In order to accommodate future content, McKay and Bohmbach created specific guidelines for the type of content that would appear in the various content modules in the lower half of the page—boxes with the headings “Discover,” “Download,” “Buy,” and “Participate.” The last, for example, is a doorway to Sun’s employee blogs (including CEO Jonathan Schwartz’s much-sought-after musings). “We wanted to tune the home page so every piece of real estate had a purpose and a defined goal, and we could understand how it performs,” Bohmbach says.
“So now, when something needs to be added, the conversation is not about changing the page. It’s about certain parts of the page functioning in certain ways. If you want to add certain kinds of messaging or a link, this is how we do it.” In essence, the designers have done the same thing to the home page as a personal organizer does to a house. They’ve come in and put everything into tidy boxes where it can be accessed quickly, easily, and intuitively.

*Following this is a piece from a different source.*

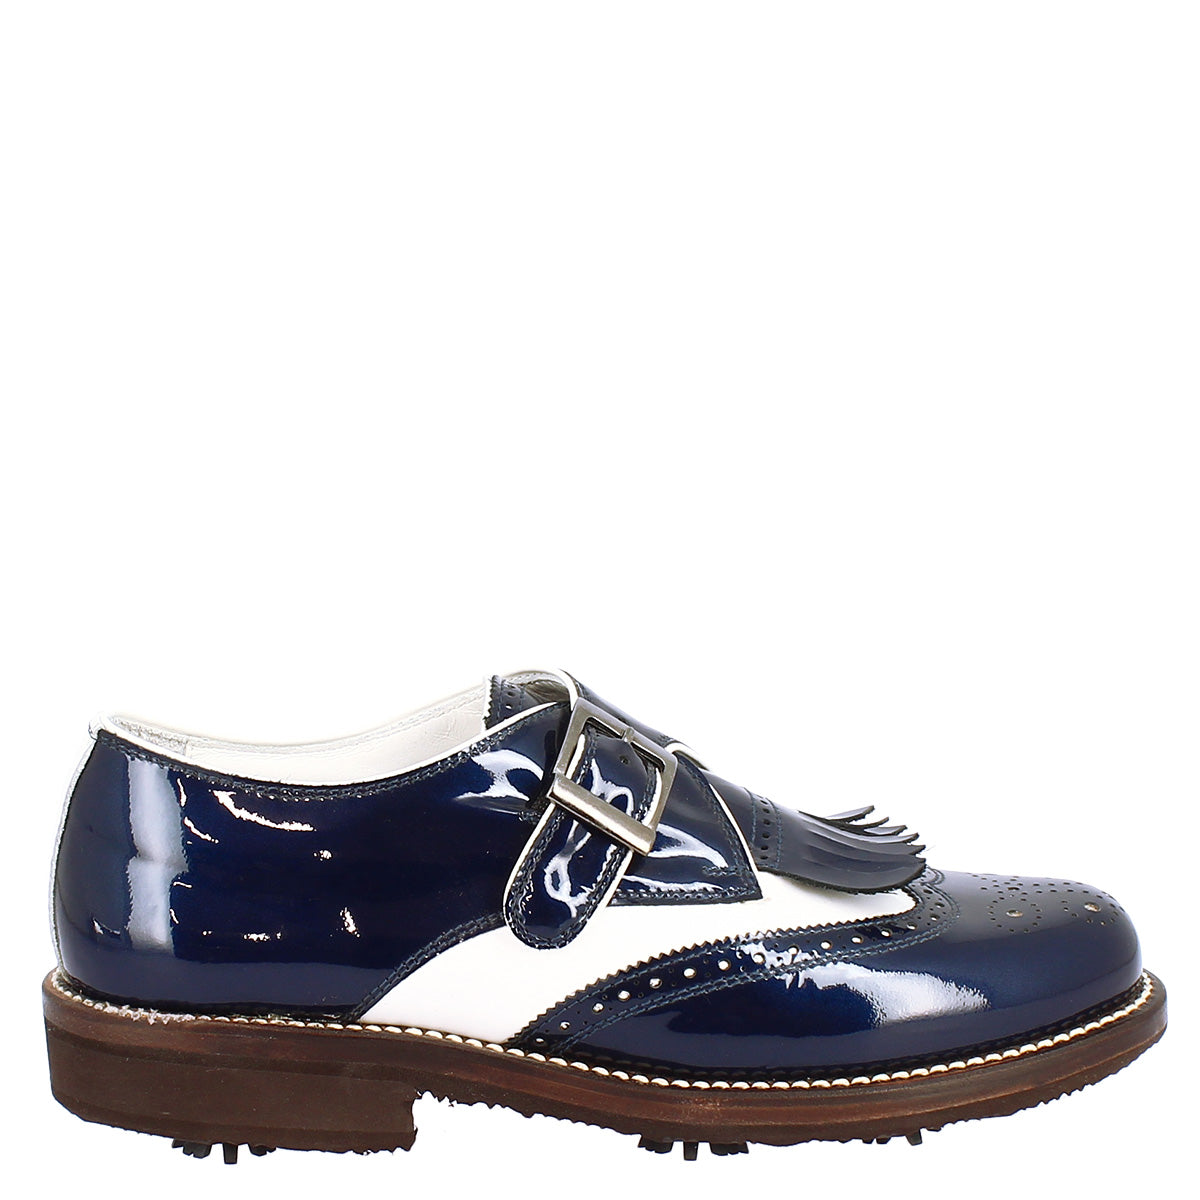 Ladies' golf buckle shoes in white leather and blue patent leather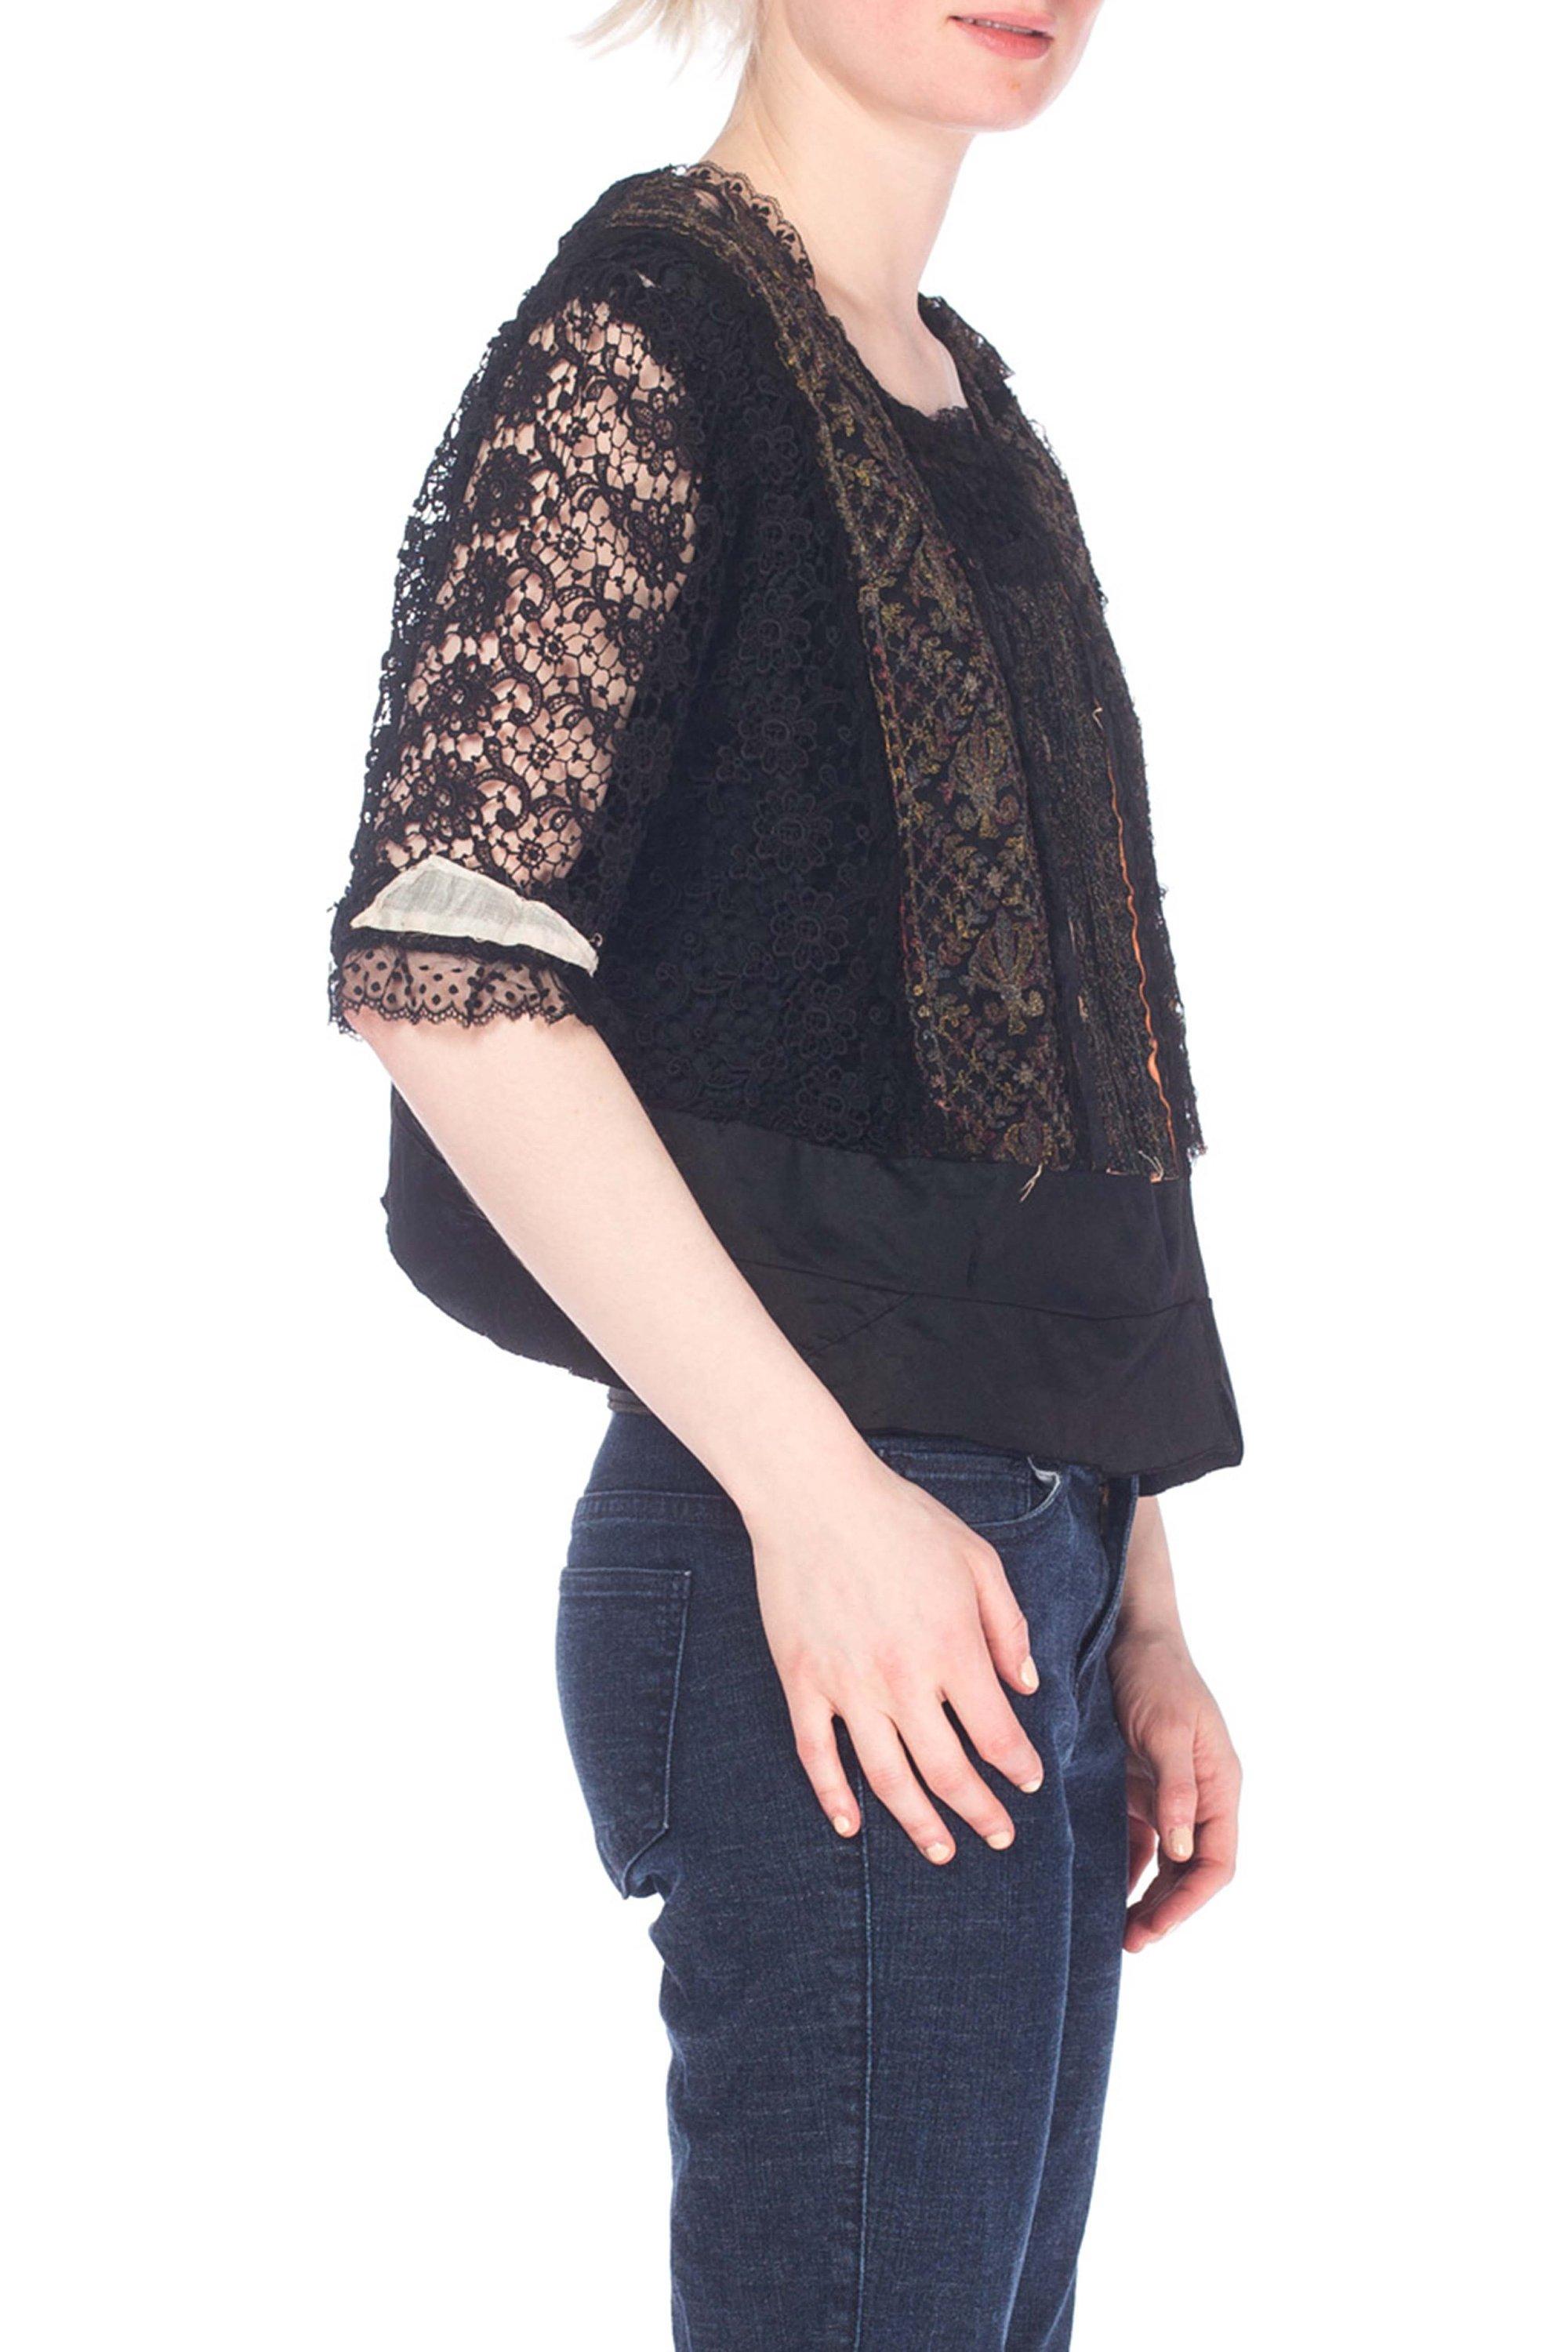 Edwardian Black Silk & Lace Top With Metallic Embroidery, As-Is In Excellent Condition For Sale In New York, NY

The challenge has been to make a large amount of content easily accessible to a diverse array of potential users. “It’s a question of ‘How do we shortcut people in?’” Bohmbach says.
Measures of Success
Initially, some stakeholders in the project were pushing for much more radical changes to the home page. But they’ve been pleased, McKay says. “I was pushing back against them and challenging that idea,” he admits. “I asked them if that was really the right thing to do right now. But the good surprise has been that the business owners were happy with what we did. It’s been successful in that sense.”
McKay says he’s glad the look and feel remained similar—partly because of the time crunch, but also because it has made it easier for him and the Sun metrics team to analyze traffic on the page. “Newness impacts the [usage] pattern,” he says. “Once it wears off, only then can you see how people are using the site over time and what the patterns are.”
A few patterns have emerged:
• The new “Products” pull-down menu is one of the most popular areas on the page.
• Promotion click-throughs are up 65 percent, and online sales engagements have doubled.
• Feature stories remain popular, with stronger traffic.
Sun’s metrics team is still emerging, Bohmbach says, but its work is becoming high-priority. “When Sean came in and helped us on this work, it was really the first project where we looked at the measurements first,” she says. “It’s been pushing us further and faster in a direction towards this design-with-analytics-in-mind kind of mentality. But we’re still getting up to speed on that. We know there are some things on the home page that aren’t working, and we know there are some things we’d like to do to understand it better. We want to formalize the process so that we re-address the home page every year and ask ‘What have we learned, and what do we want to change?’”
Note: Bohmbach and McKay gave a presentation about Sun’s home page redesign for a Minnesota Interactive Marketing Association event in February 2007.